The starting few months were heavenly, roamed everywhere, went on long rides, bunked lot of classes it was all great till the honeymoon period as I call it got over.Then the fights started, we fought for the silliest things ever she had told me to end this but I loved her a lot couldn't just end it that way, I pushed it to the limits compromised , made her compromise , lost everything, made her loose everything, both madly love even though deep inside it was known that this wouldn't work but still continued it.

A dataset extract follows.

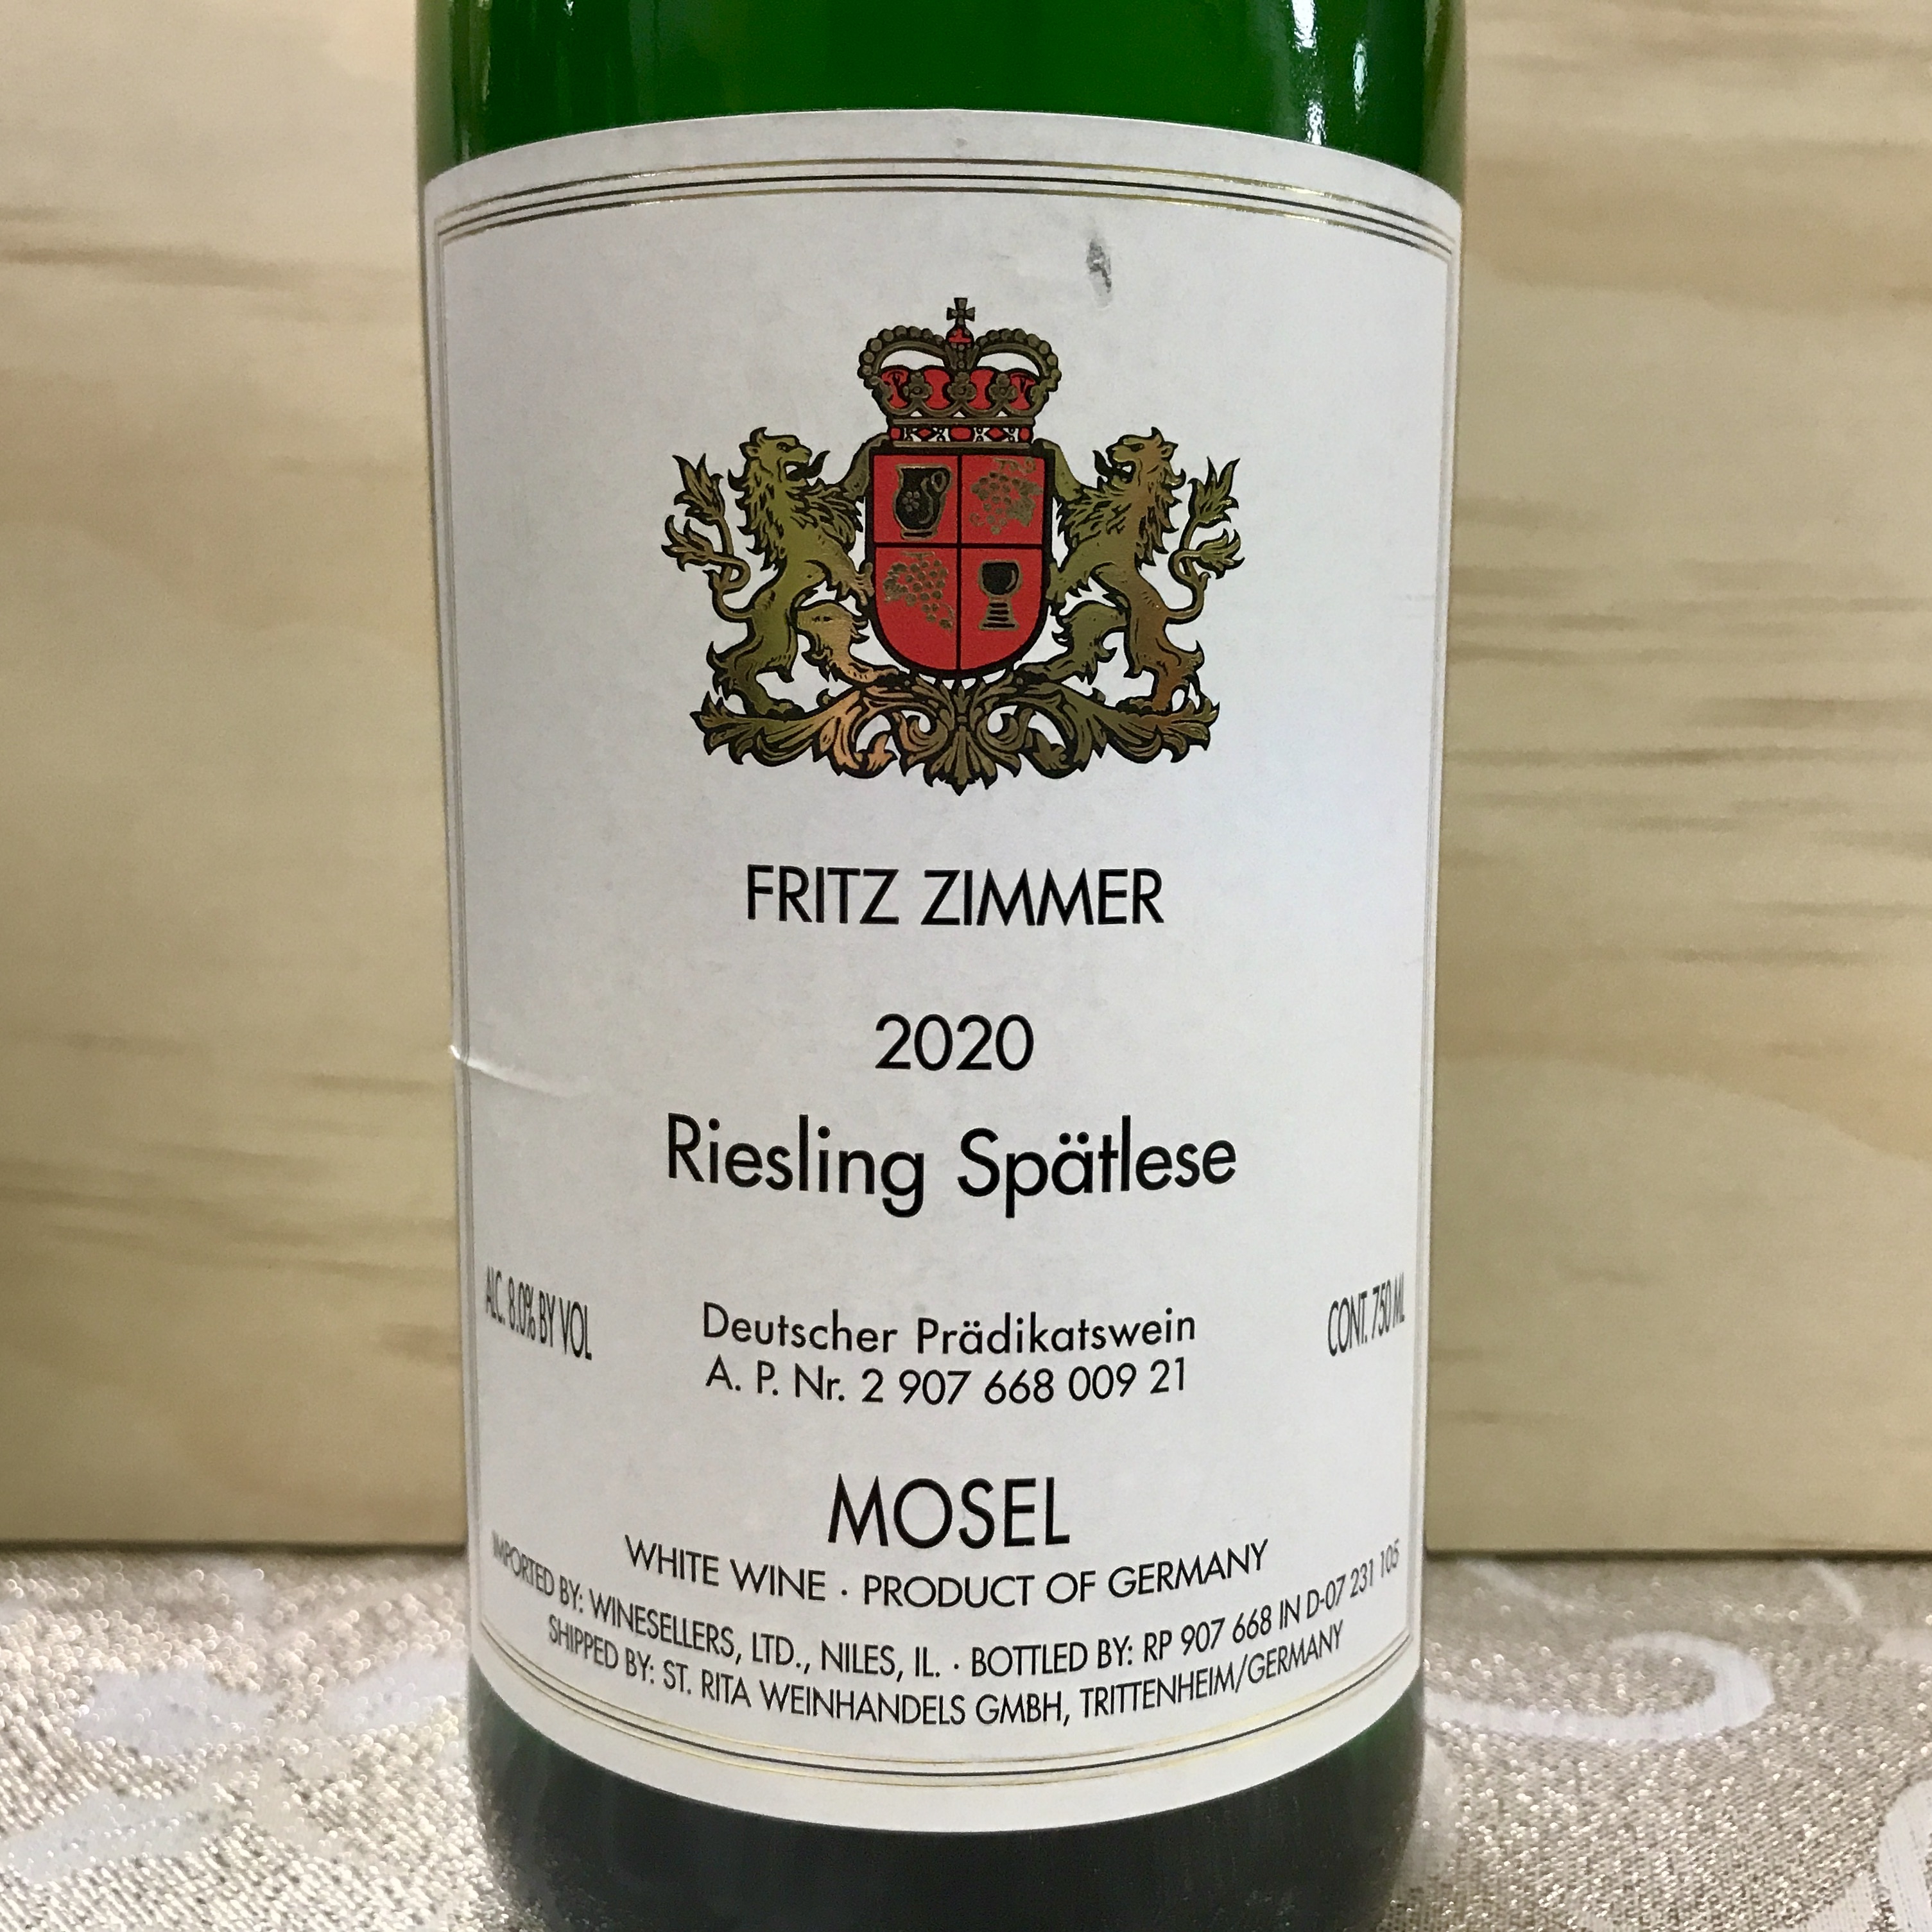 Fritz Zimmer Riesling Spatlese 2020 Mosel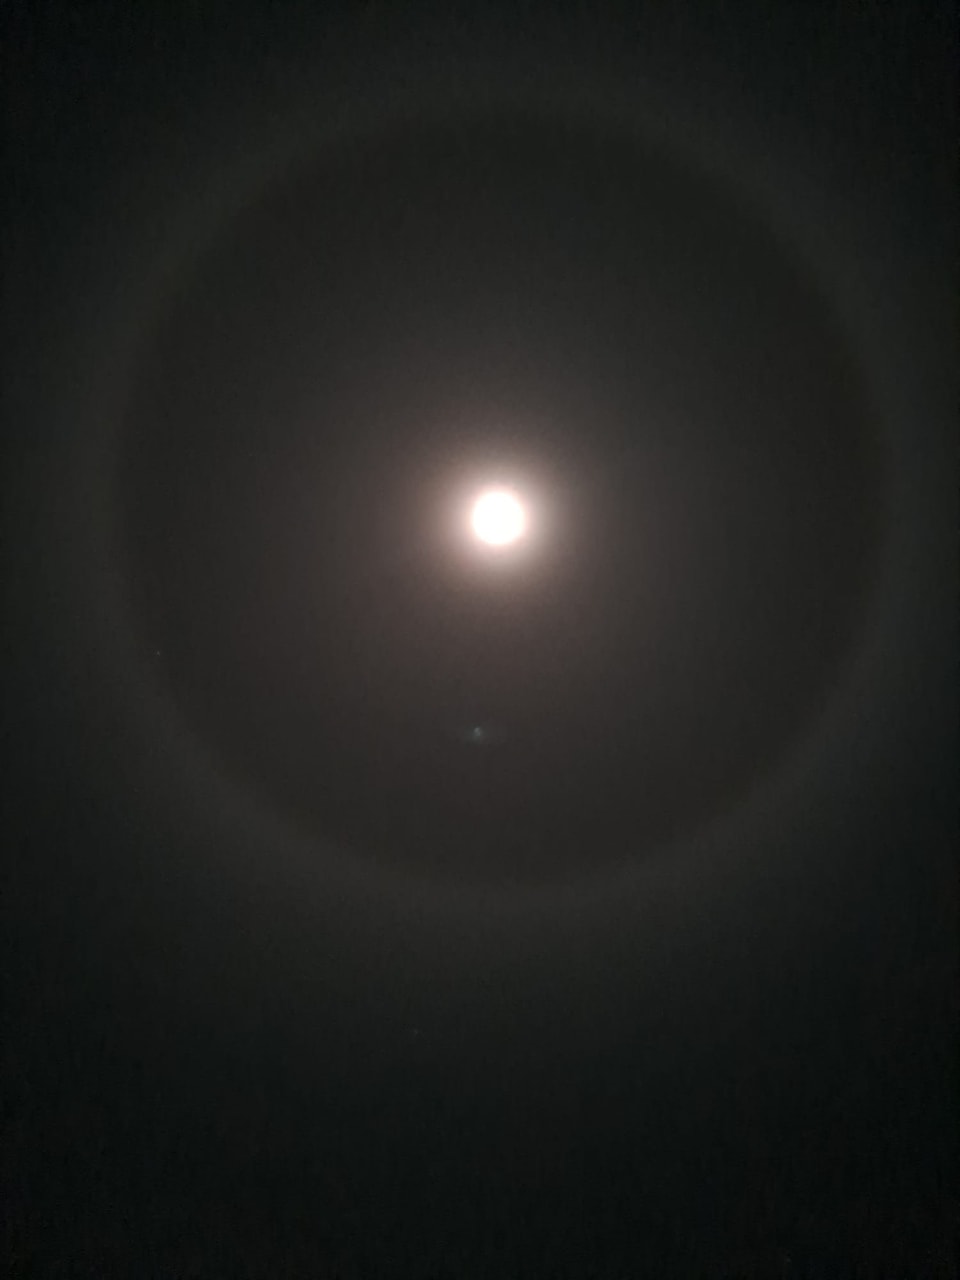 Can you tell us what the circle means.  Photo taken yesterday at around 9 p.m. in Samnaun.  Best regards

Then college got over time for work, let me tell you one thing she hated my friends and we fought everytime regarding this it was extreme that I stopped going out with my friends , declined everytime I was invited to hangout as she would fight, so life went on from endless fights to days of silence. But I knew I would ruin this by dragging for so long it wasn't good for both of us but we always do what the heart says not what the mind says , foolish heart !!

I do not know what the feeling is when she used to be with me I used to think of it as some unwanted pain which would swallow me like a black hole and when she's not there with me it's like a part of me is gone and would never come back to me again.No matter how much I write I can't express that madness we had for each other or I can't express how much she loved me, I always can not express how beautiful and terrible it was.

Words are not enough to express the pain that comes when she's not around the usual pillion rider or the food partner or the late night distractor, life just got adjusted to her but in her absence it's a big blow.

So 3 years of memories all come haunting if at all I could make it right then I would go back in time like Ashton Kutcher does in buttery effect and never fall into this ever. But life's not a movie we are responsible for our actions and we have to face all the consequences.